At the cotton boll-opening stage, three representative sample plots measuring 1 m × 1.52 m were selected randomly from each treatment to estimate yield parameters. Within each sampling plot, cotton bolls were harvested from the upper, middle, and lower canopy layers, with respective counts of 30, 40, and 30 bolls per layer. These collected bolls were used to measure boll weight, boll number per plant, and effective boll number. Seed cotton yield per plot was calculated from these parameters and subsequently extrapolated to yield per hectare. Fiber quality parameters, including fiber length, strength, uniformity, elongation, micronaire value, short fiber index, maturity index, and spinning consistency index, were measured according to standard cotton fiber testing methods using the High Volume Instrument (HVI) system.

2.3.2. Calculation of WUE

Crop water consumption was calculated using the following Equation (1) [32]:

$$ET=P+U+I-D-R-\Delta W$$

(1)

where $ET$ denotes crop water consumption (mm), $P$ is the rainfall (mm), $U$ is the groundwater recharge (mm), $I$ is the irrigation amount (mm), $R$ is the runoff (mm), $D$ is the deep percolation (mm), $\Delta W$ is the change in soil moisture (mm). Deep percolation was calculated as follows:

$$D{P}_i=M_1+h_i-M$$

(2)

where $D{P}_i$ represents the deep seepage amount at the ith point (mm), $M_1$ represents the initial moisture content (mm), $h_i$ represents the irrigation depth at the ith point (mm), $M$ represents the initial moisture content (mm). Given the flat terrain and minimal precipitation at the experimental site. Thus, Equation (1) can be simplified as follows:

$$ET=P+I-D-\Delta W$$

(3)

Water use efficiency was calculated using Equation (4):

$$WUE=Y/ET$$

(4)

where Y is the seed cotton yield (kg hm⁻²).

2.3.3. Cotton Quality

Cotton quality indicators were measured by the Quality Standards Institute of the Xinjiang Academy of Agricultural Sciences (Quality Supervision and Testing Center for Cotton, Ministry of Agriculture and Rural Affairs, Urumqi) using the HVI1000M700 (Uster Technologies AG, Uster, Switzerland) cotton fiber quality testing instrument.
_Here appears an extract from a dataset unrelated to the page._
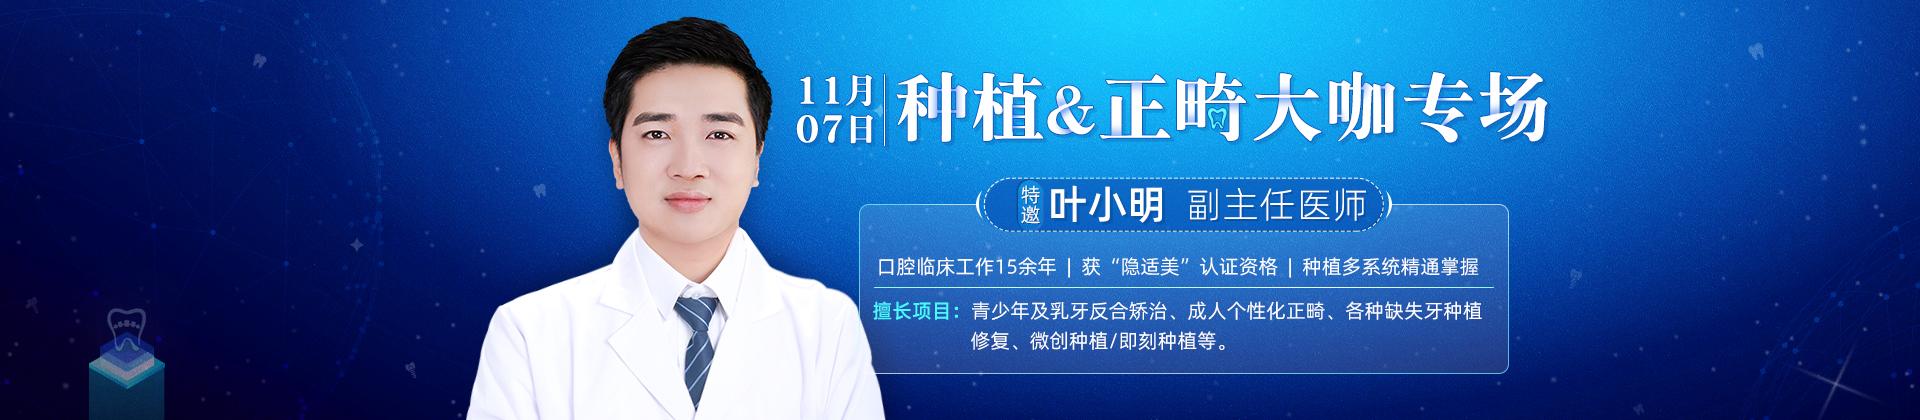 11月7日特邀种植矫牙大咖叶小明亲诊
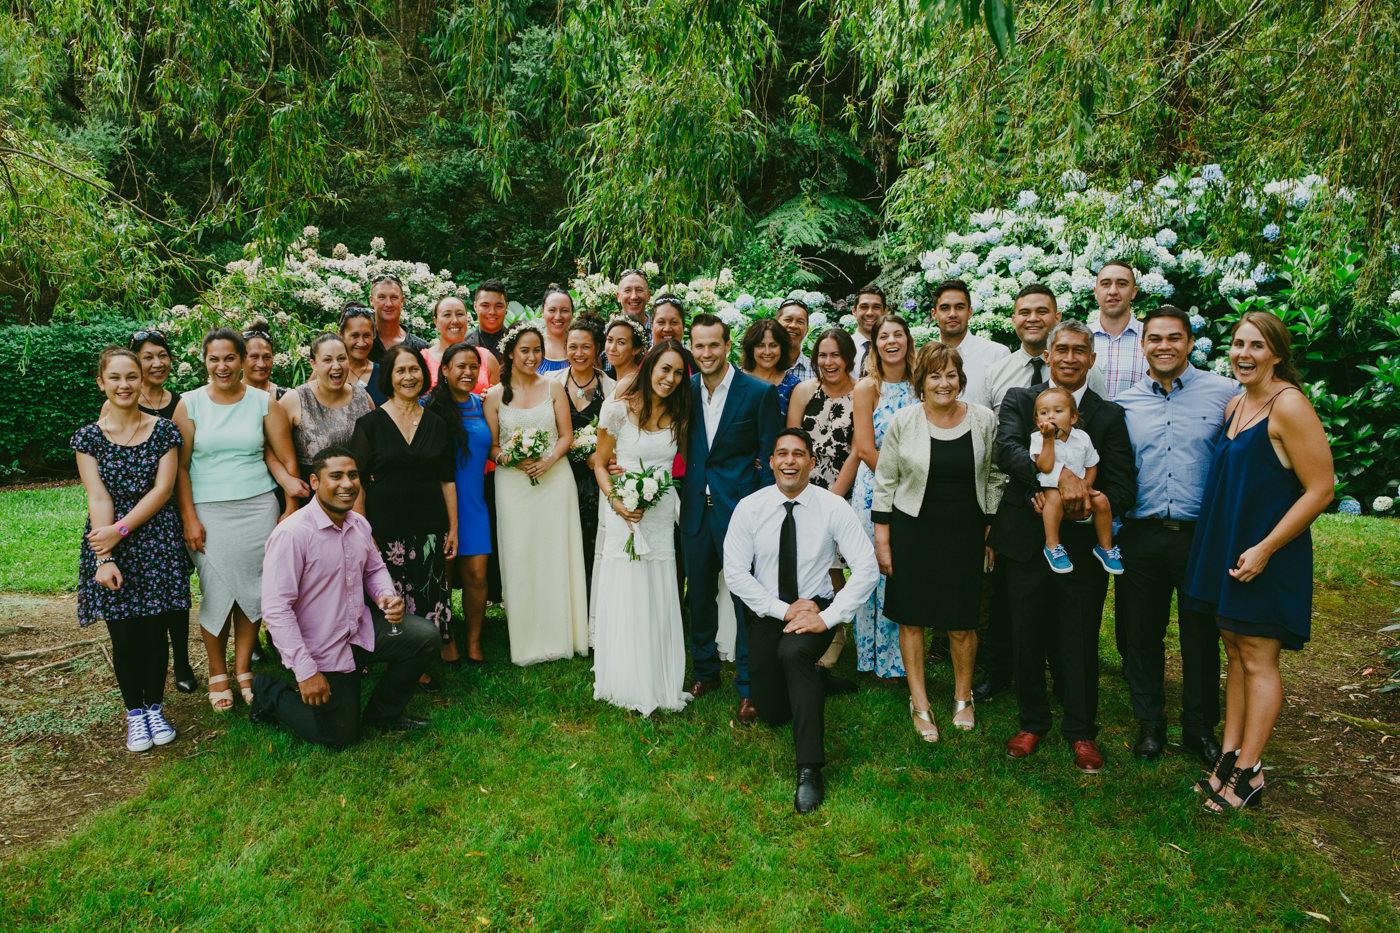 062z_auckland_leigh_wedding_photos.jpg

Measurements were conducted under controlled environmental conditions: temperature between 18.0 °C and 22.0 °C and relative humidity between 62.0% and 68.0%.

Significant differences in growth performance, quality parameters, and yield were observed among the ten treatments, as determined by analysis of variance (ANOVA) and multiple comparisons. Variations in irrigation leaching patterns led to differential effects on plant performance, with some treatments achieving optimal growth, yield, or fiber quality. Therefore, a comprehensive evaluation considering both yield and quality was performed to identify the optimal leaching pattern under multi-objective conditions.

2.4. Model Building Method

The evaluation framework employed in this study consists of the following steps.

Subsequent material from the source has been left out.